If you are having difficulty making mortgage payments, it is best to immediately call your lending agent.  Most lenders are willing to work with homeowners to avoid foreclosure and the government is also offering new mortgage interest rate reductions in the hopes of easing the recent mortgage crisis. President Obama’s Homeowner Affordability and Stability Plan provides some $75 billion in relief grants and mortgage modifications to 7 to 9 million homeowners.  The Plan also gives judges the power to modify home mortgages during bankruptcy.  Even if you were previously denied a change in your mortgage, it may be worth resubmitting your request to see if you qualify under the new legislation.

 

Unsecured loans are not tied to any asset and usually include credit cards, signature loans, medical bills and other service debts.  While nothing can be repossessed, the creditors can petition the court to order you to make a monthly payment in order to ensure repayment of the debt.  If a debtor defaults on this hearing, a court can issue an arrest cupias. Again, an open line of communication with the credit card agencies may enable you to take advantage of reduced interest rates or other repayment programs available.

 

What can you do to help yourself?

 

Don’t hide from your creditors.
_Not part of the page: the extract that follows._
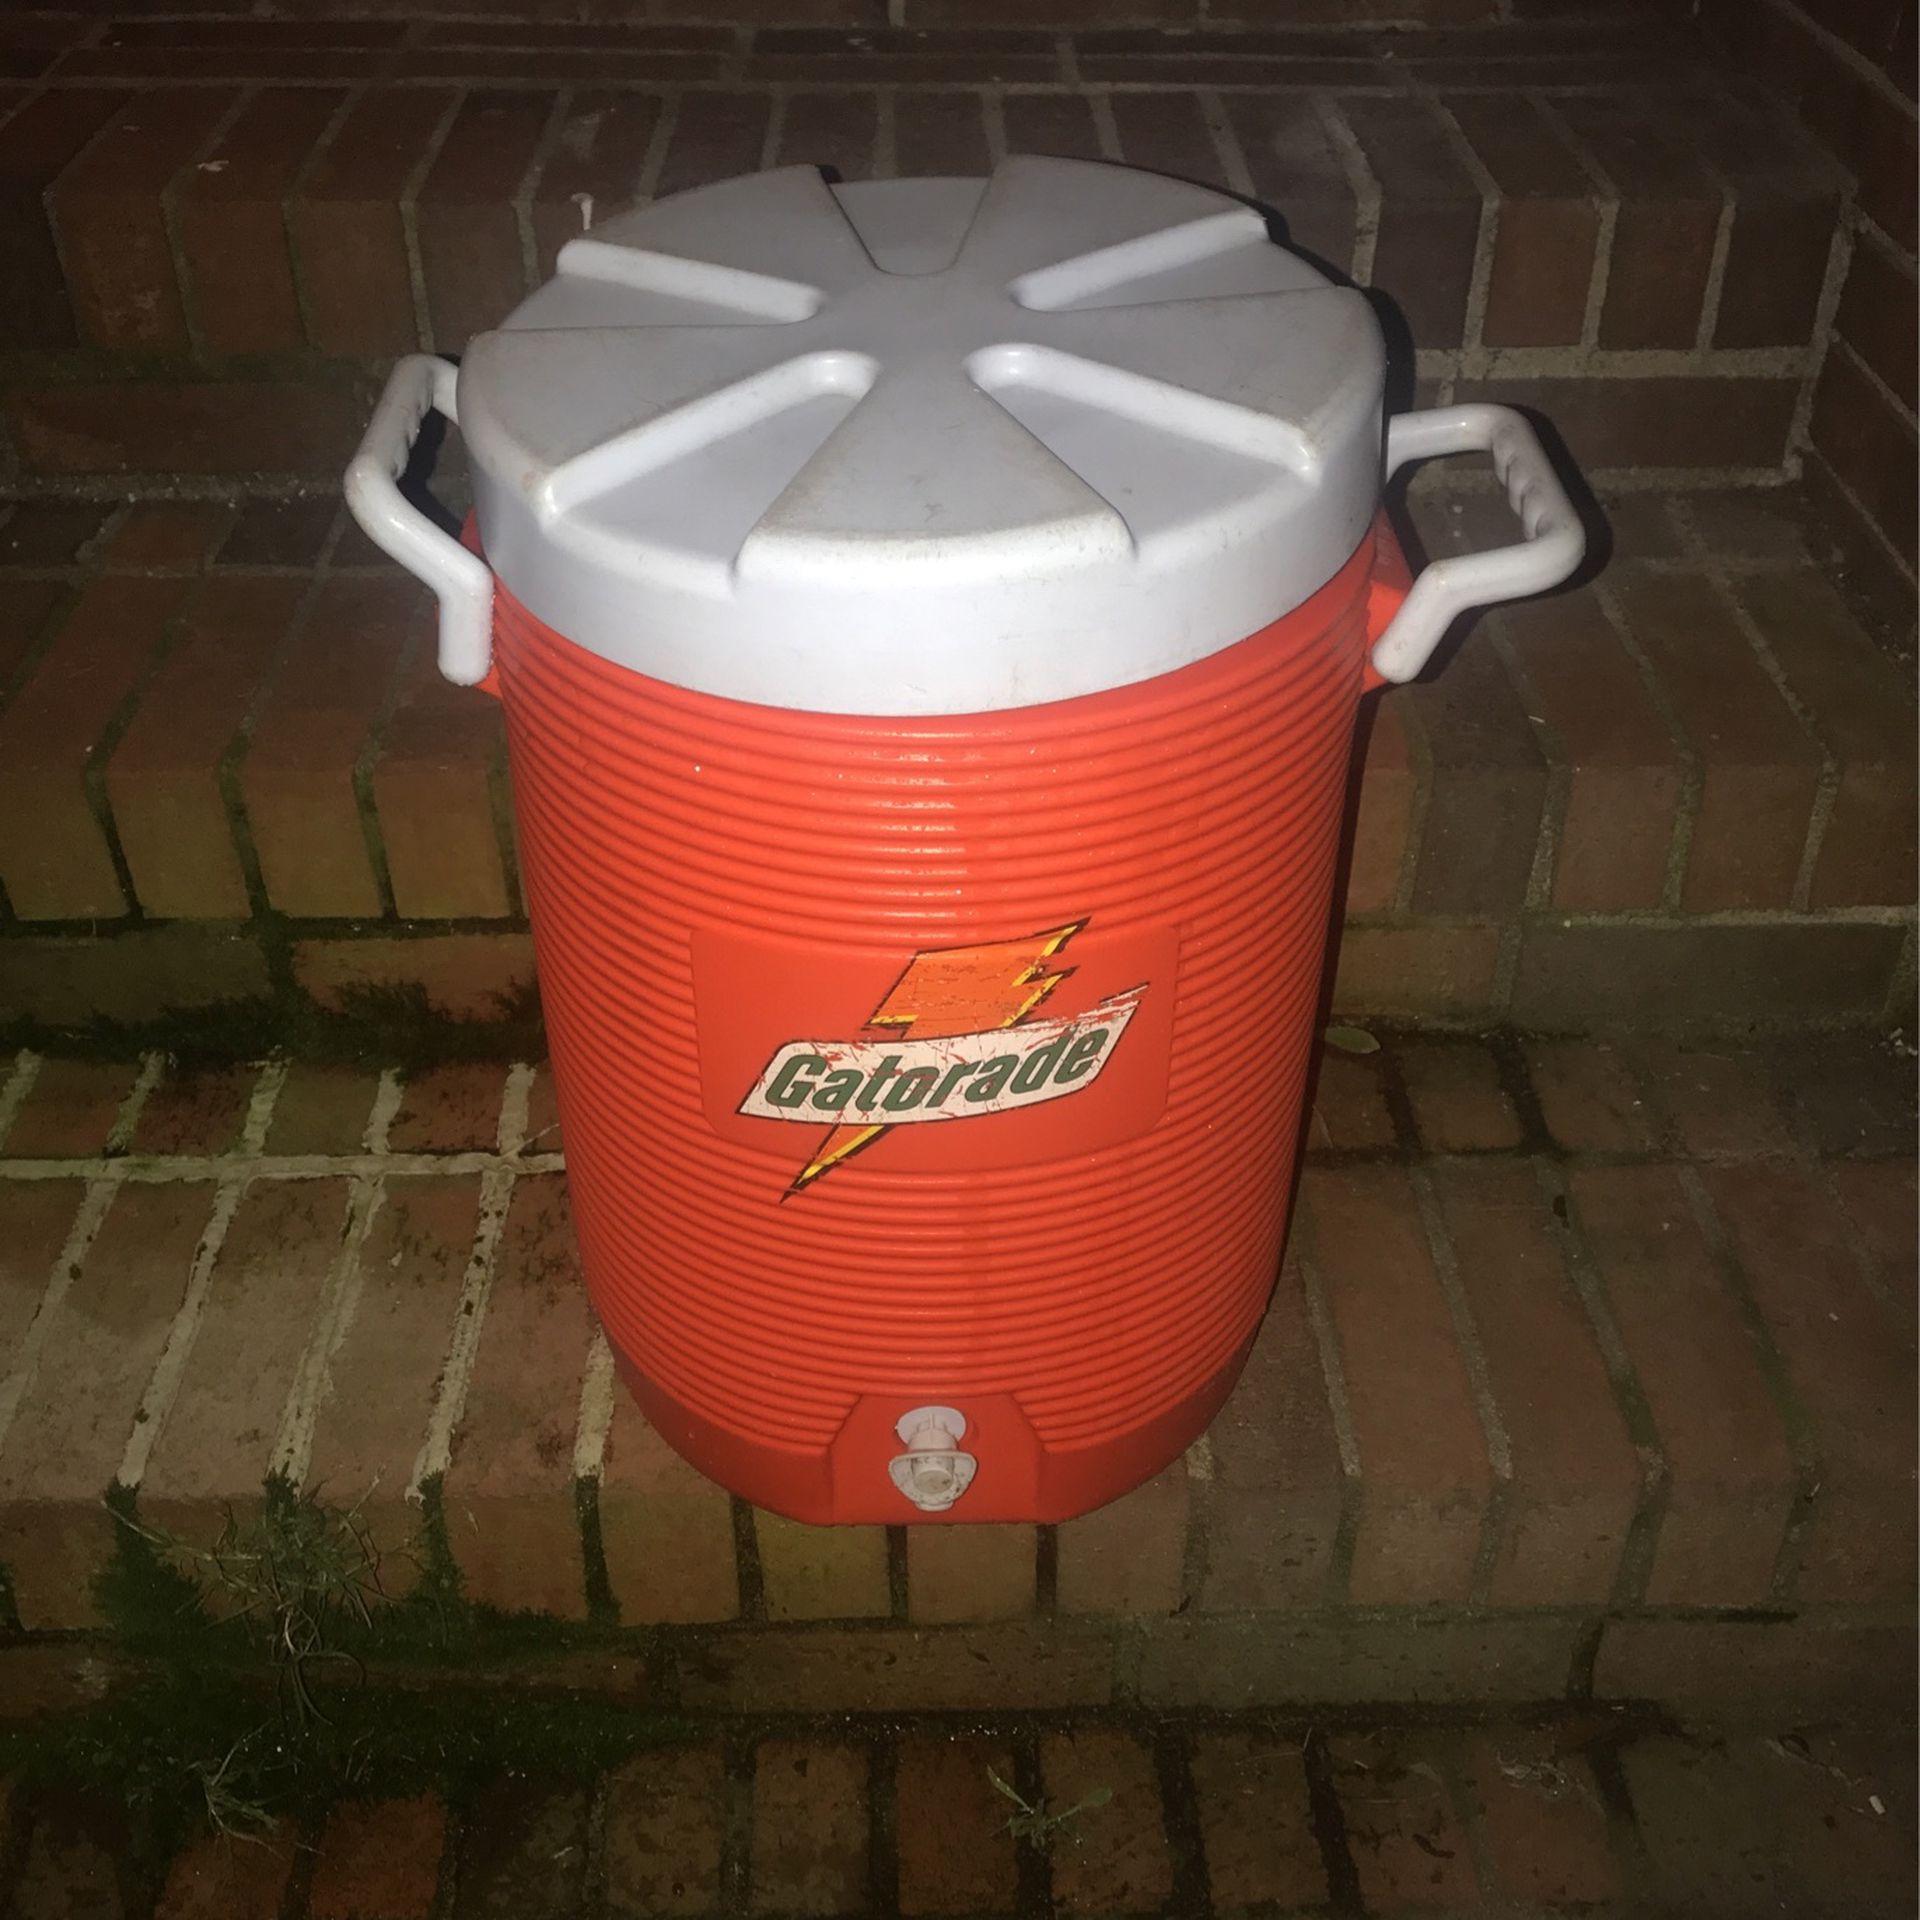 Gatorade 10 Gallon Dispenser - Cooler

Rather than letting all those calls go to voicemail, take the call and work to establish a modified repayment schedule with them.  Whether your reason is illness, layoff, or other situation, be honest and tell them why repayment is difficult. If you wait until the account is turned over to a collection agency, it will be too late and the creditor can no longer intervene to make modifications.

 

Set up a workable budget – and stick to it.  It may sound old school, but take your budget back to basics. Money in must be equal to or less than money going back out each month.  If you’re having trouble setting or maintaining a budget, it may be time to call in the experts.  There are many reputable credit counseling organizations that have staff certified and trained in consumer credit, money management, and budgeting.  Beware of agencies that charge high fees, or request that you make ‘voluntary’ contributions as they are often fraudulent in nature.  Some agencies offer debt management plans (DMP) that establish a monthly account for you to deposit funds. They in turn then make arrangements to pay your creditors, student loans, medical bills or any other unsecured loans you have according to an agreed upon payment schedule. Often the creditors will provide a reduced interest rate or waive certain fees if you are paying through a DMP.

 

Questions to ask a potential DMP (obtained from www.FTC.gov/credit)
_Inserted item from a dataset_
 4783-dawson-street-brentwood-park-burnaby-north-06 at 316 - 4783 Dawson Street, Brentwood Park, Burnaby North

  1. What services do you offer?
  2. Are you licensed to offer services in my state?
  3. Do you offer free information?
  4. Is there a formal written agreement or contract?
  5. What accreditations or qualifications are held by the organization’s counselors?
  6. How is the organization paid?
  7. What are the fees?
  8. How is my personal information stored or destroyed?
  9. Are you a nonprofit funded by money from the credit card industry?

 

The best financial advice is to not allow your creditors to obtain the upper hand.  Stay on top of your situation and communicate with creditors as soon as you become aware of a delay in payment or change in your financial situation.  If you’re still unable to work out a repayment plan or if you find that your creditor is behaving in a difficult or illegal manner, talk with a legal professional about your options.